Voici la traduction en français :


Entrée/Sortie de base

Plan

  • Fonctions pures
  • Introduction aux actions IO
  • Actions IO sous le capot
  • Actions IO en pratique
  • Le type ()
  • Interaction avec l'utilisateur
  • getChar, getLine et putStrLn
  • Les actions sont des valeurs de première classe
  • Composer des actions IO (>> et >>=)
  • Le bloc do
  • Utilisation de let, imbrication de blocs do, sortie d'IO et return
  • L'action main
  • Récapitulatif

Fonctions pures

Jusqu'à présent, nous avons travaillé avec des fonctions pures. Ces fonctions n'ont pas d'effets secondaires et prennent tous leurs arguments en entrée pour produire une valeur en sortie, qui dépend uniquement de ces arguments.

Ce que nous entendons par entrée et sortie est crucial ici. L'entrée d'une fonction ne peut être constituée que des valeurs fournies comme arguments, et la sortie est la valeur qu'elle retourne.

Par exemple :

La fonction lame prend un seul paramètre numérique et retourne sa valeur multipliée par trois. La sortie de cette fonction dépend exclusivement de la valeur d'entrée. Ainsi, chaque fois que nous appliquons cette fonction à 4, nous obtenons 12.

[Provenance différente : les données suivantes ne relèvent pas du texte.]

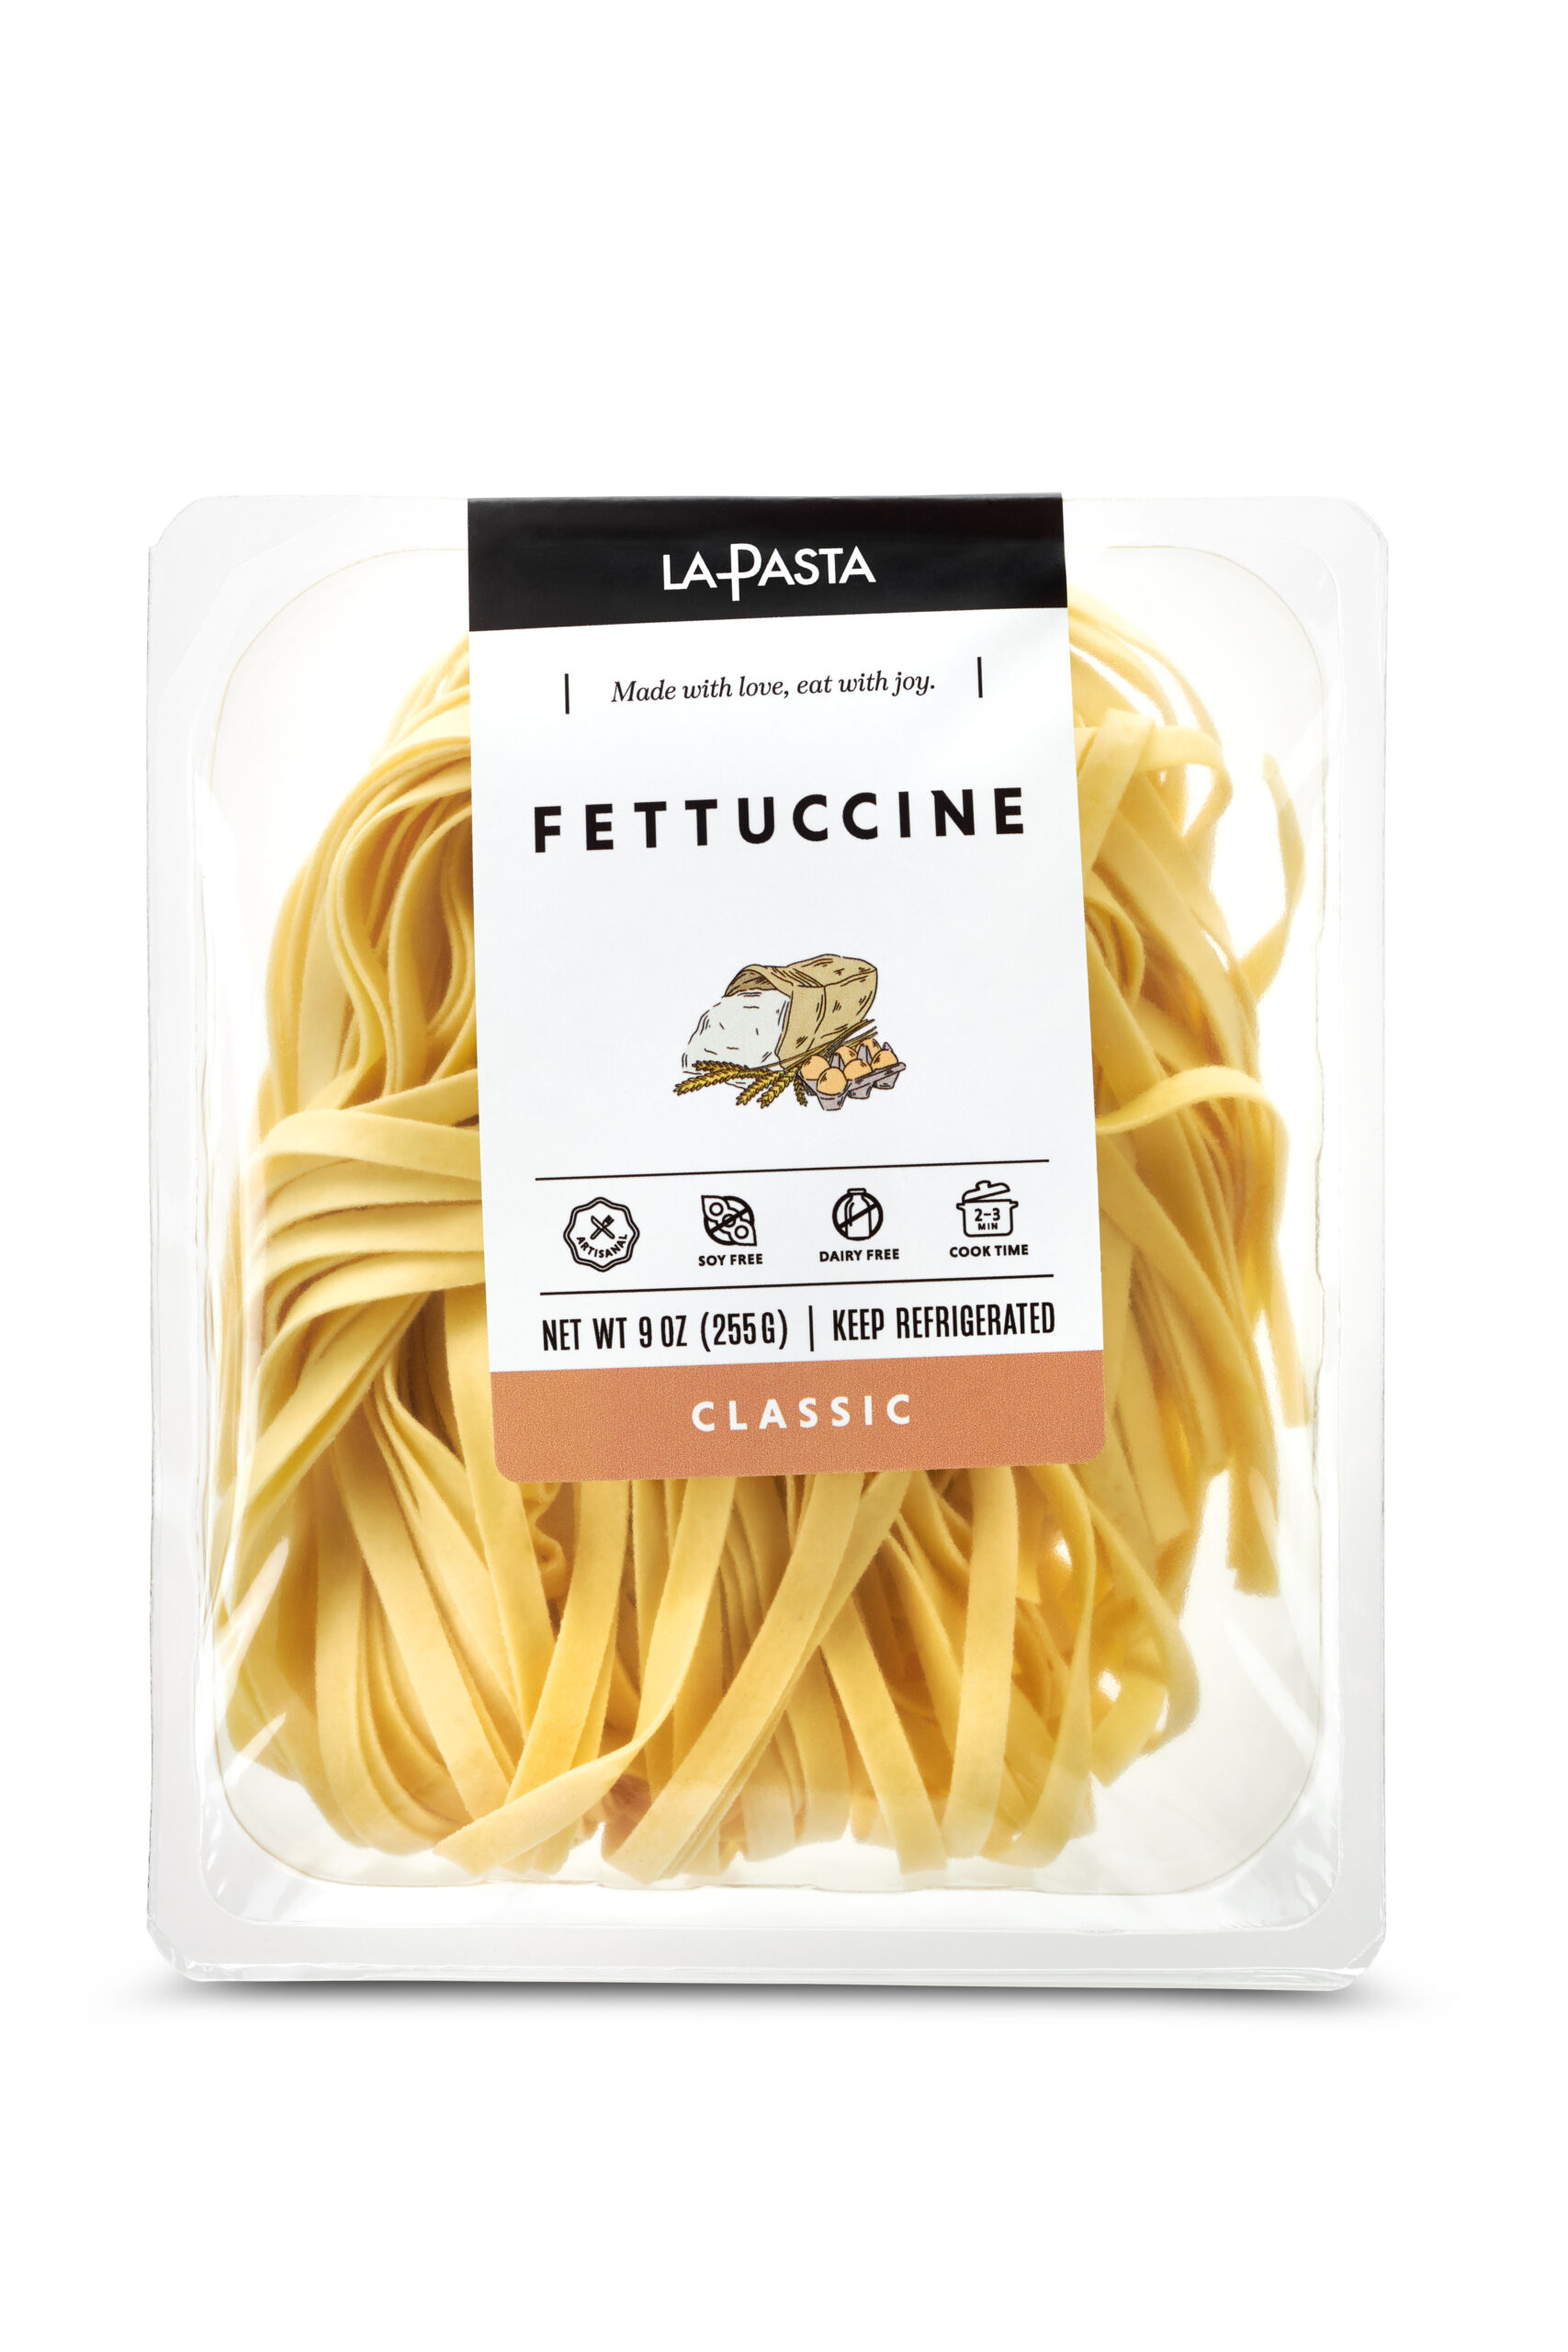 A package of fettuccine pasta is shown.
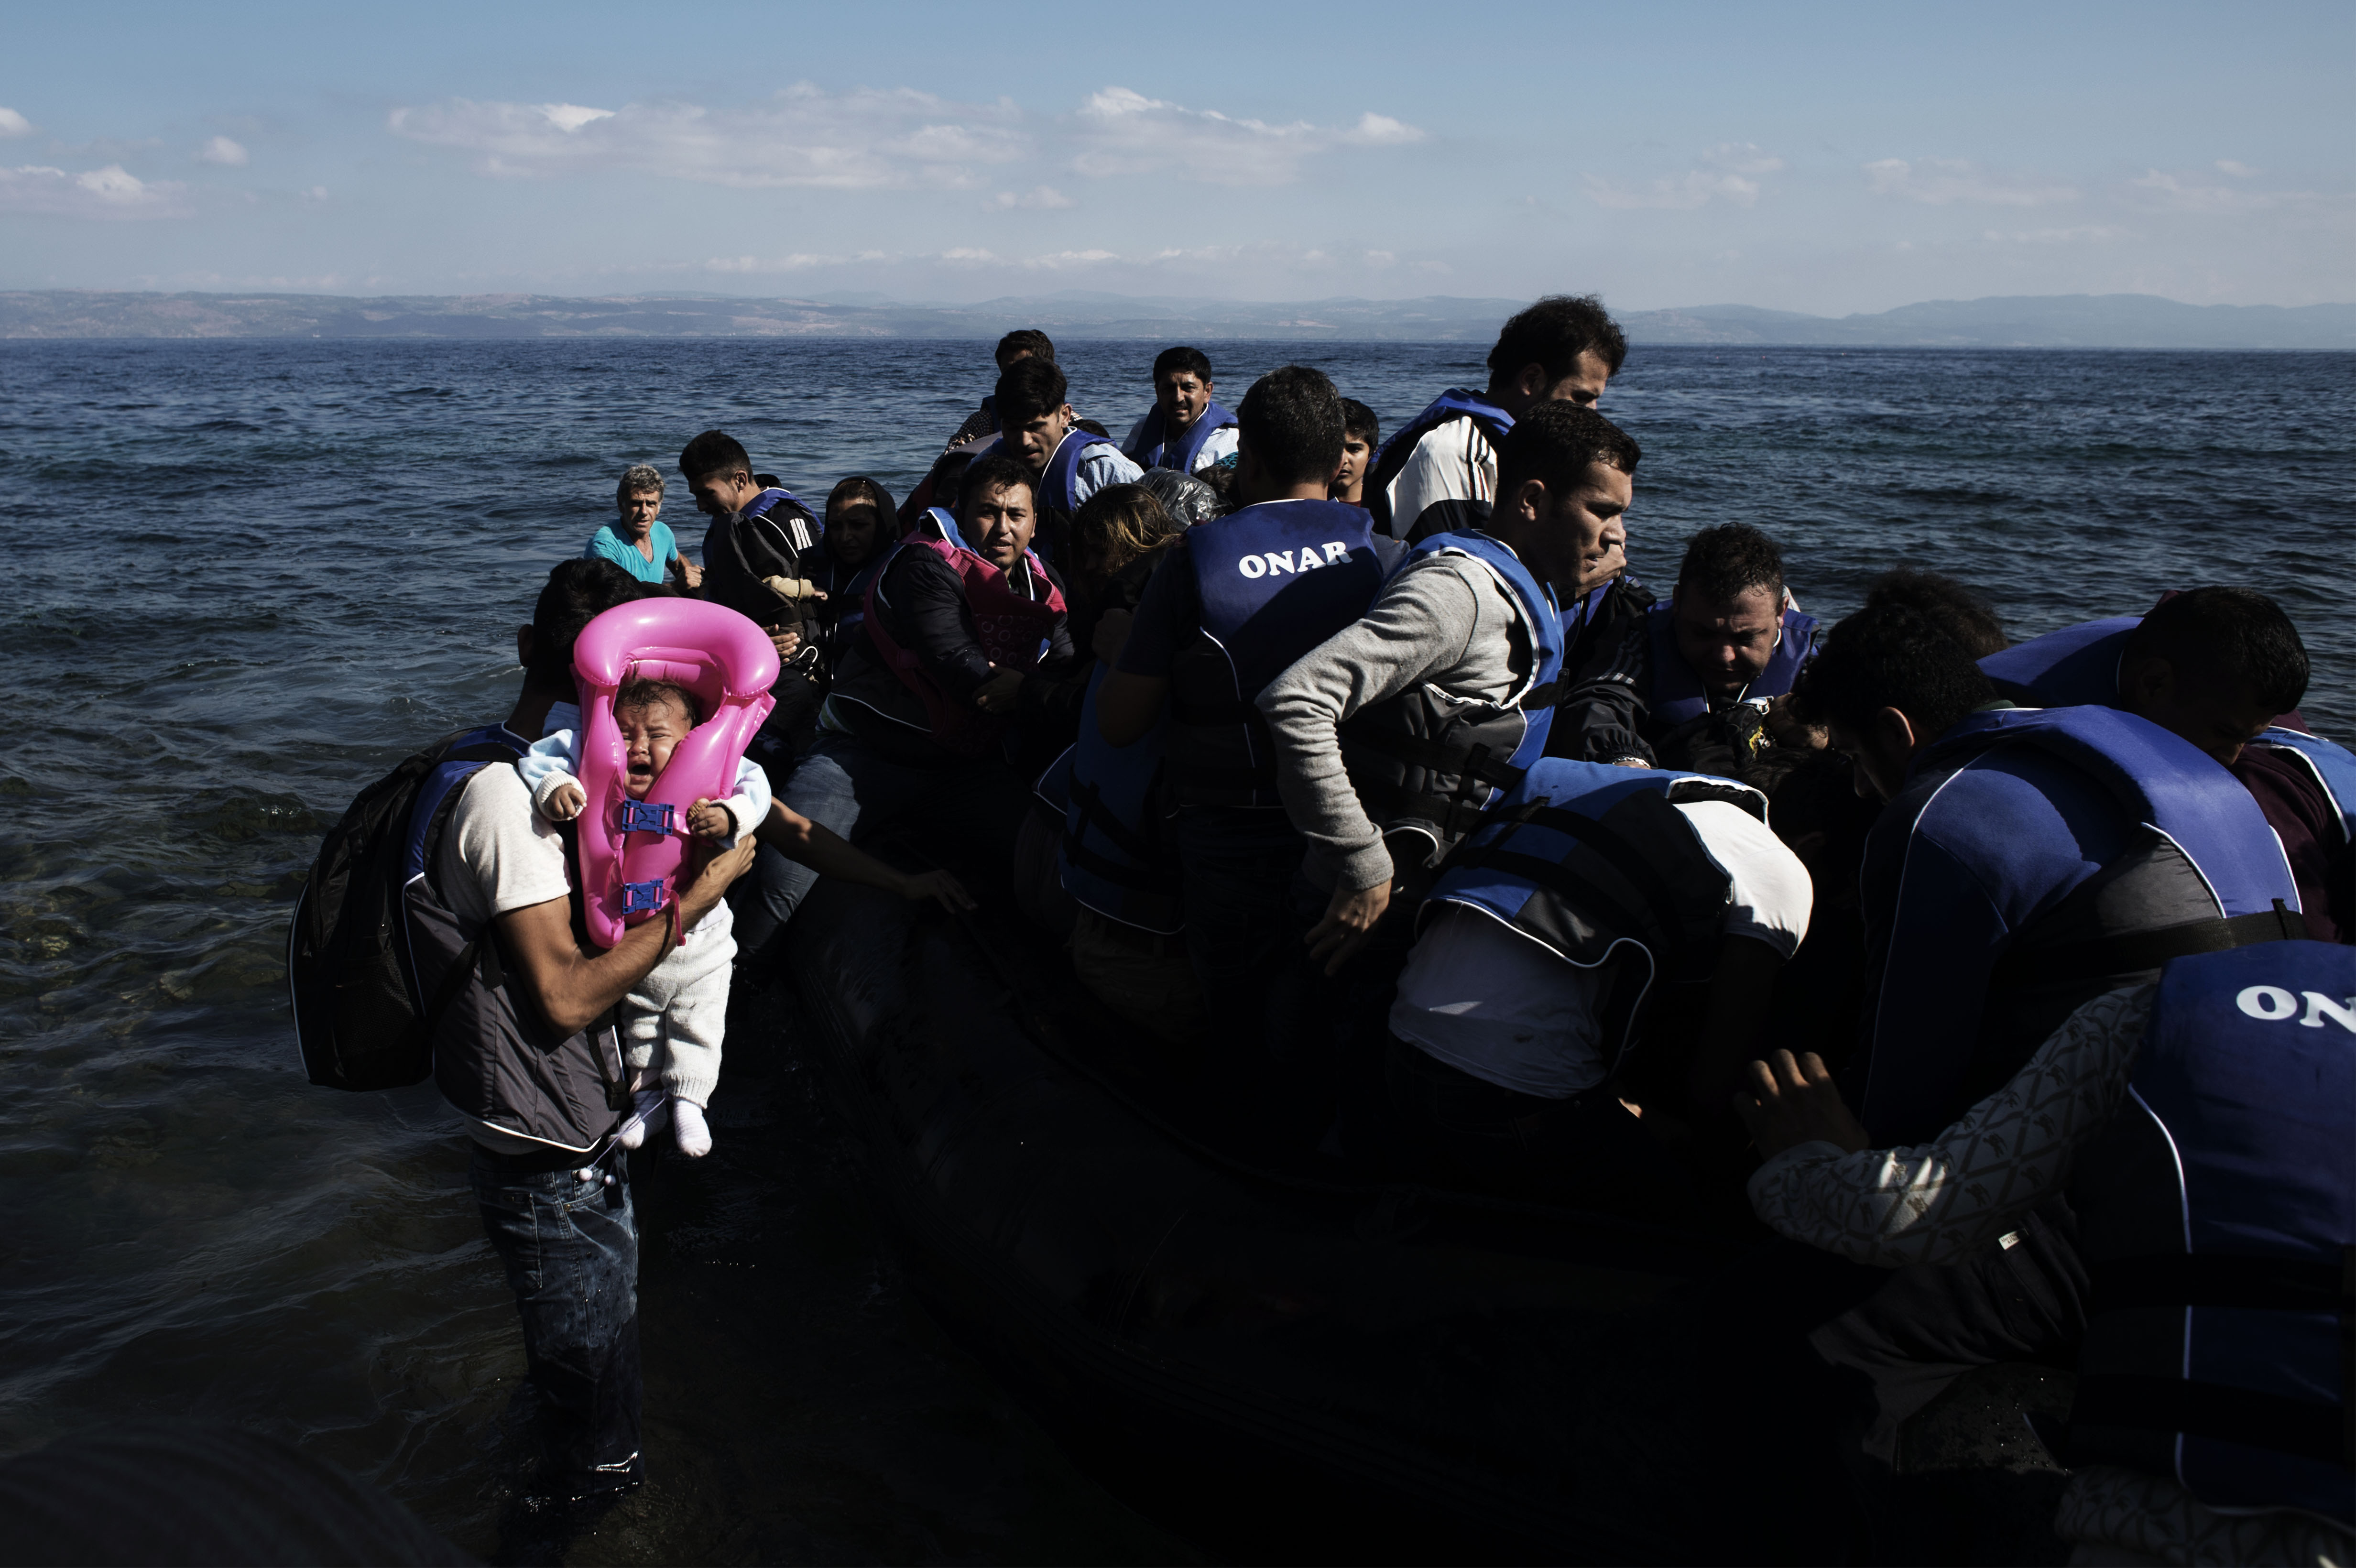 Asylum-seekers from the Syrian Arab Republic, including a crying infant, begin to disembark a large raft as they arrive on the shores of the island of Lesbos, in the North Aegean region on Sept. 14, 2015.

Même si nous ne montrons pas explicitement l’entrée de max6, nous savons que filter est appliqué partiellement et prend une liste d'entiers en entrée. Comme précédemment, la sortie dépend uniquement de l'entrée. Donc, chaque fois que nous appliquons max6 à la même liste, nous obtenons le même résultat.

Et bien sûr, en Haskell, les fonctions sont curried. Si une fonction semble prendre plusieurs arguments, elle prend en réalité un paramètre unique et retourne une fonction qui prend un autre paramètre, et ainsi de suite, jusqu'à ce que tous les paramètres soient appliqués et que nous obtenions la valeur finale.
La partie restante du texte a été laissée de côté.